Output every line of the material exactly, omitting images.
(GIVEN MATERIAL)
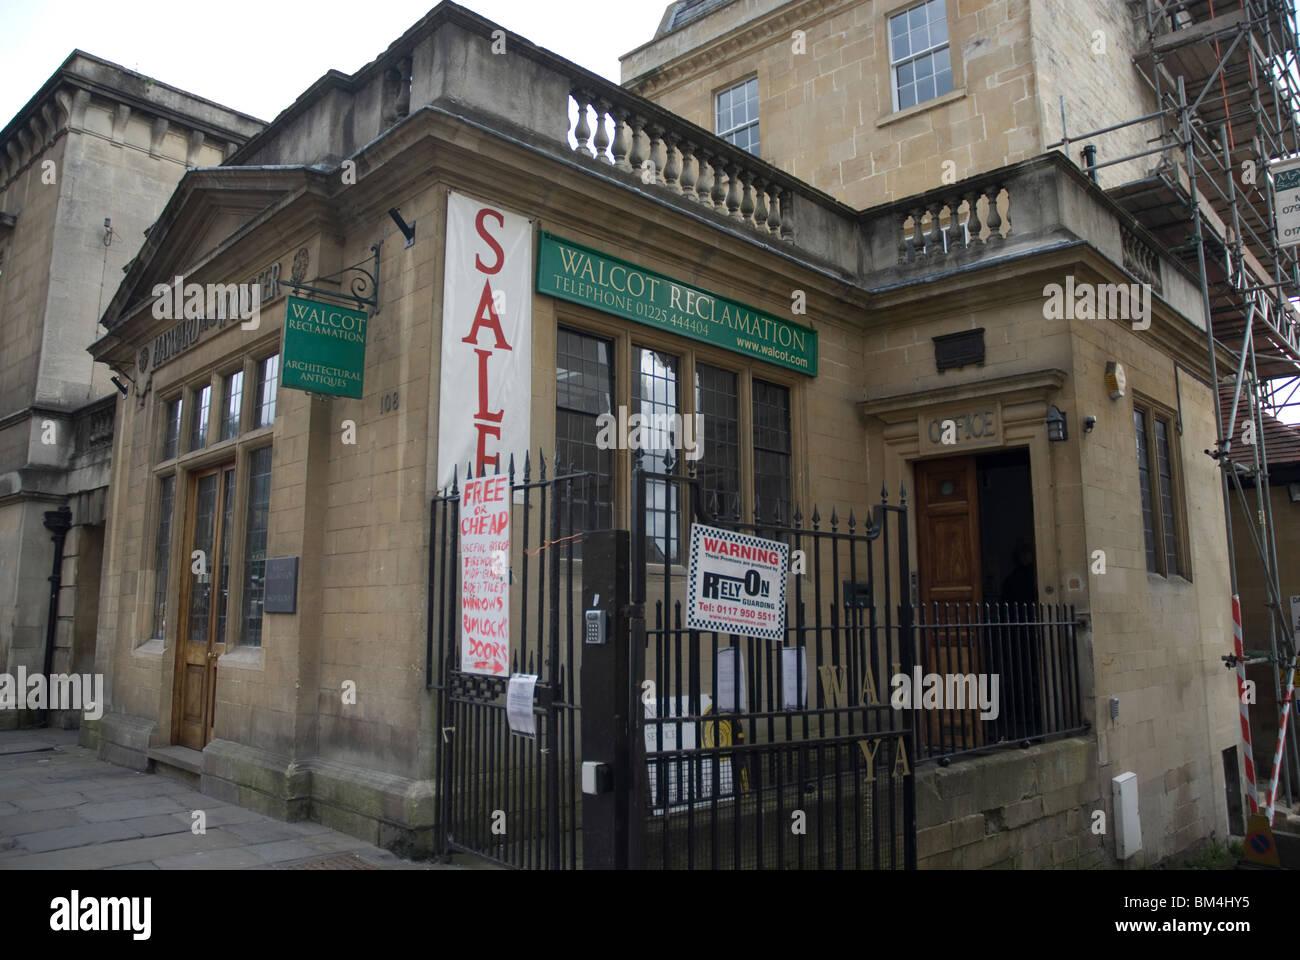 Reclamation Yard Somerset England Stock Photos & Reclamation Yard ...
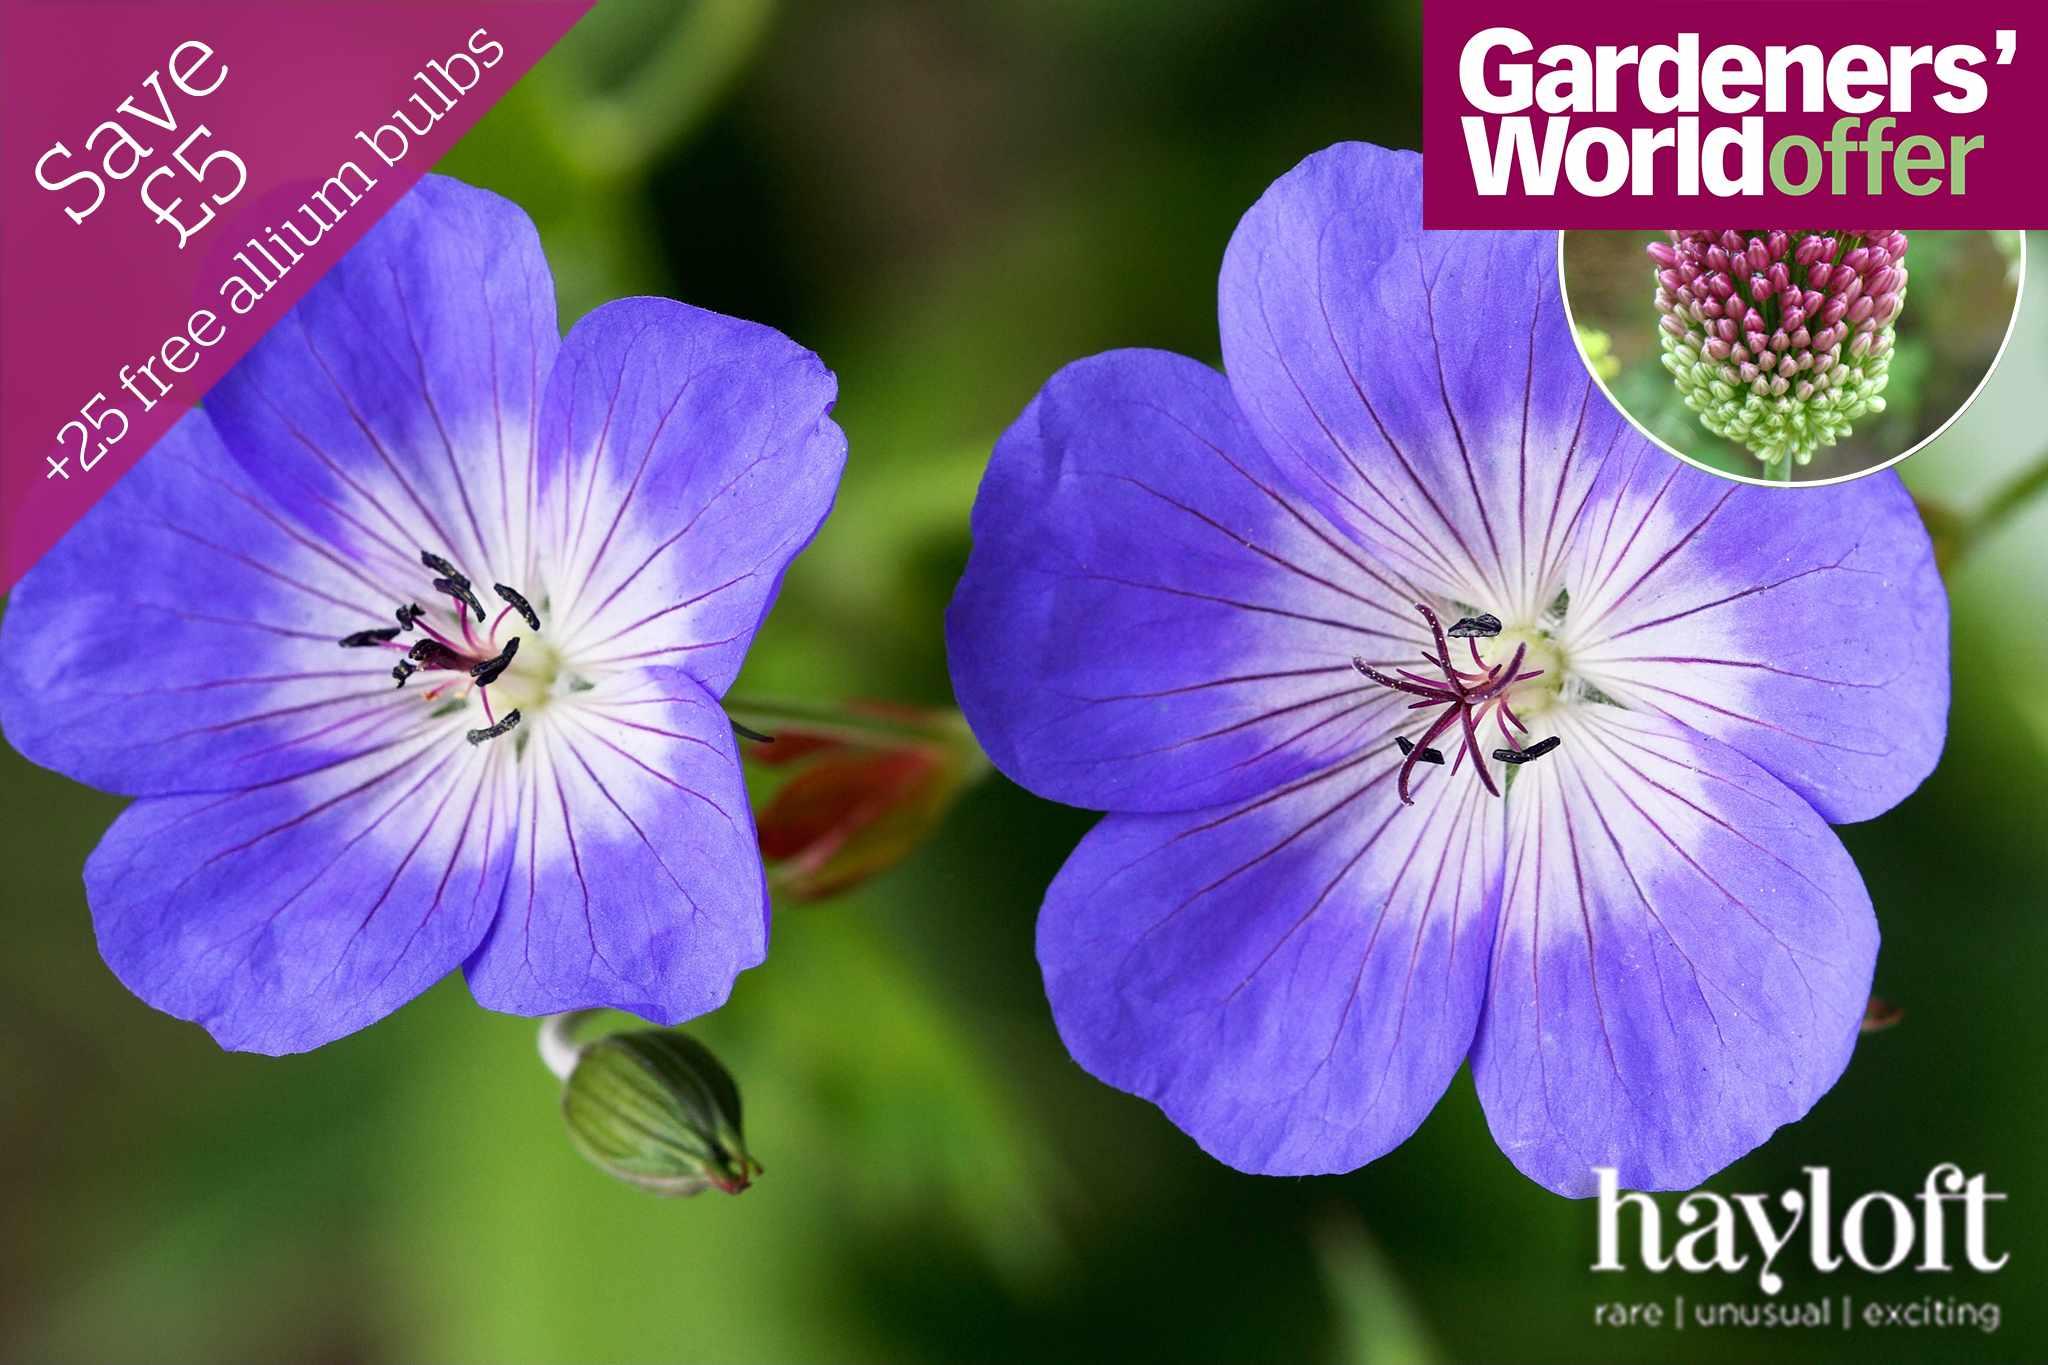 hayloft-hardy-geranium-rozanne-promo-2048-1365
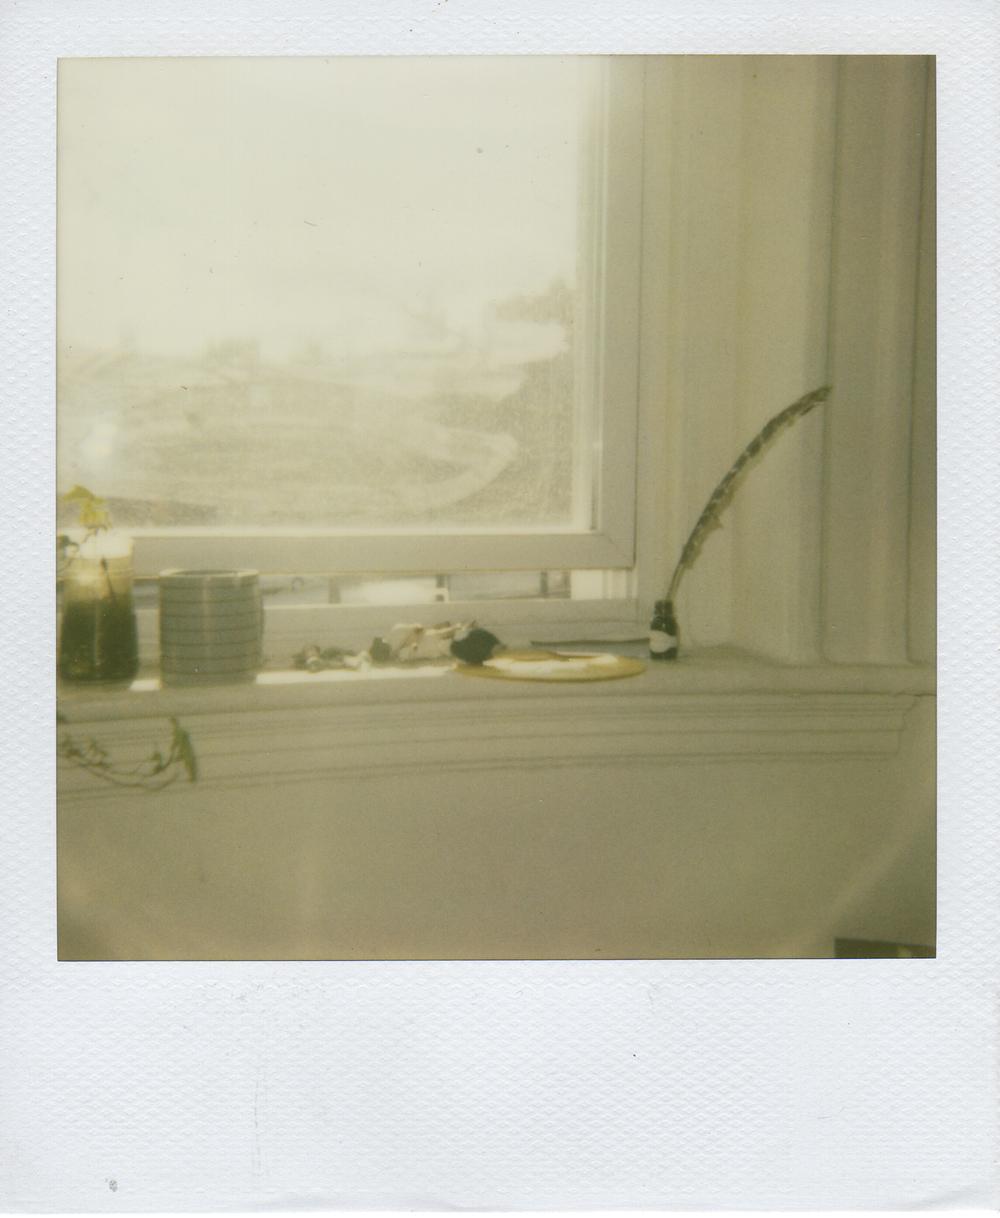 jlaurence-polaroid-006.jpg
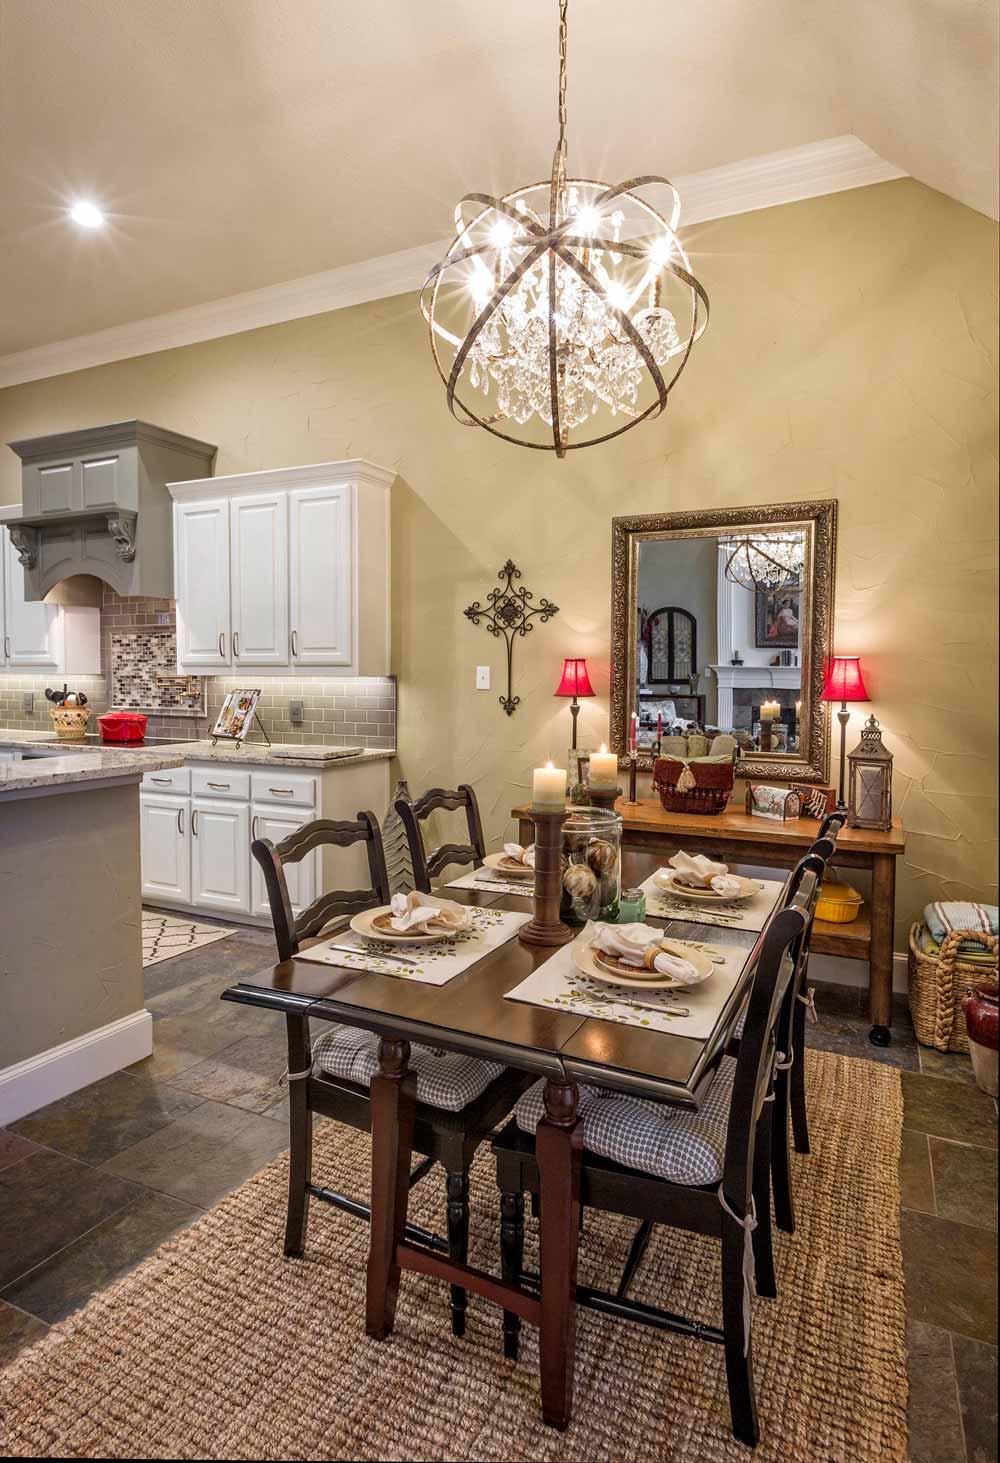 Arizona-tile-Home-maintenance-Flower-Mound-TX-75022
(End GIVEN MATERIAL)
RESULT BELOW:
 Reclamation Yard Somerset England Stock Photos & Reclamation Yard ...
 hayloft-hardy-geranium-rozanne-promo-2048-1365
 jlaurence-polaroid-006.jpg
 Arizona-tile-Home-maintenance-Flower-Mound-TX-75022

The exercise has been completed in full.